Forest fires in the Northern Hemisphere that smoulder through the winter then reignite in the spring are associated with warmer summers and can account for up to one third of the total burn area, suggests a paper published in Nature. The findings may have implications for fire management policies.
Fires that can survive the cold and wet winters of boreal (Northern Hemisphere) forests are described as overwintering (or zombie) fires. Boreal forests, despite their high latitudes, present favourable conditions for overwintering fires with deep organic soil and a warming climate, but the extent of overwintering fires in these forests and their drivers remains unclear.

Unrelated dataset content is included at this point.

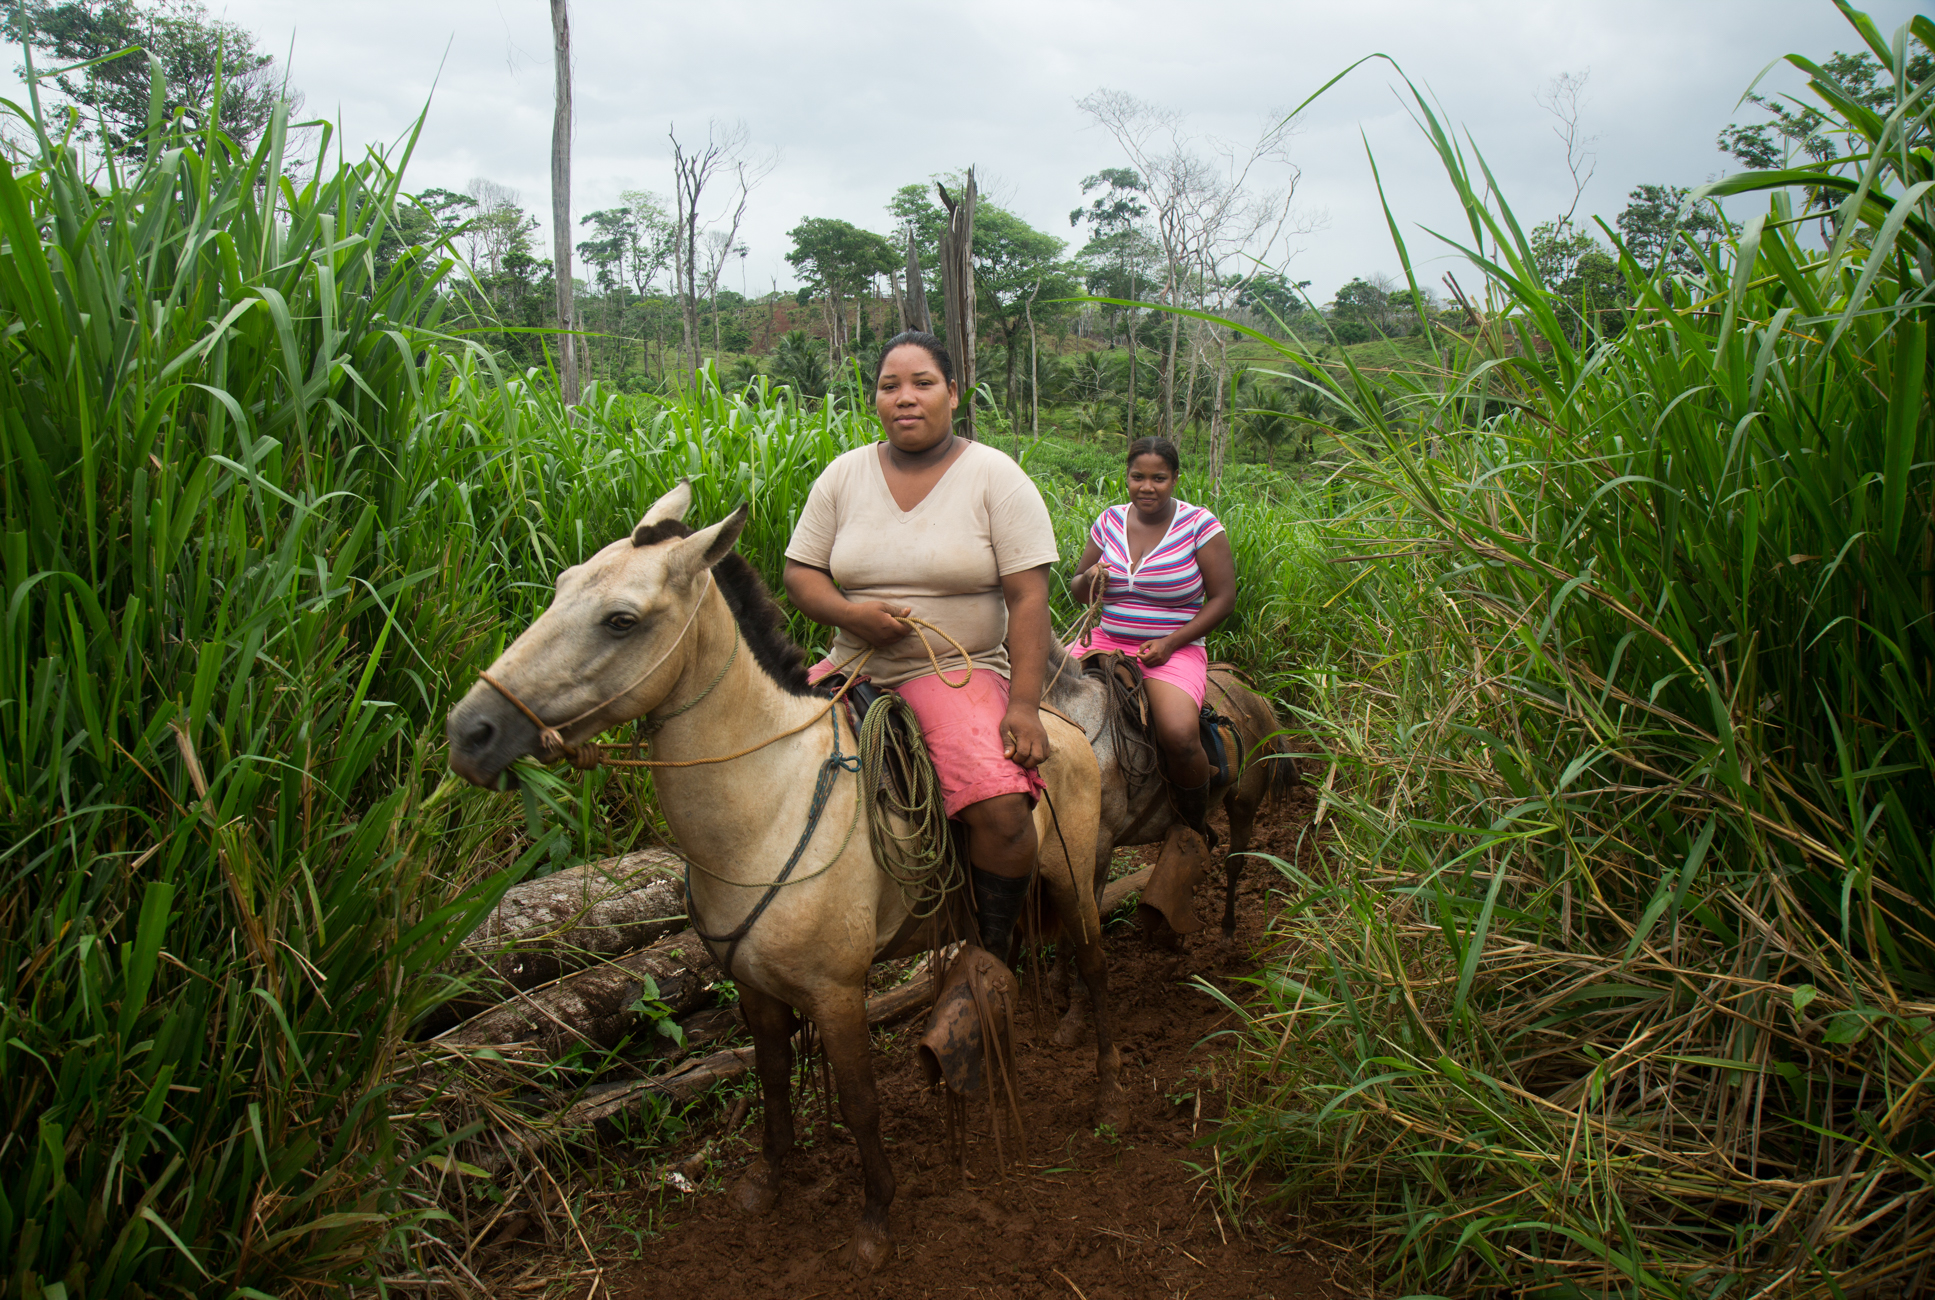  Wendy Quinn, 24, vice-president of Monkey point, and Ligia Bridgette McElroy return to their village on horseback after planting rice with other community members on her farm near their community, an afro-kriol community on Nicaragua's southeastern

Rebecca Scholten, Sander Veraverbeke and colleagues developed an algorithm to identify overwintering fires in Alaska, USA and the Northwest Territories, Canada from 2002–2018 using field and remote sensing data. They identified that overwintering fires were responsible for 0.8% of the total burned area over the study period, but this area varied in individual years and in one year was 38%. The authors found that overwintering fires were more likely following warmer summers. They suggest that warmer temperatures allow fires to burn deeper into the organic soil, which may help to sustain them over the winter.
The authors note that although overwintering fires are relatively rare in boreal forests, as climate change increases temperatures they may become more common. They suggest that early detection and suppression of these fires could contribute to cost savings for fire management agencies.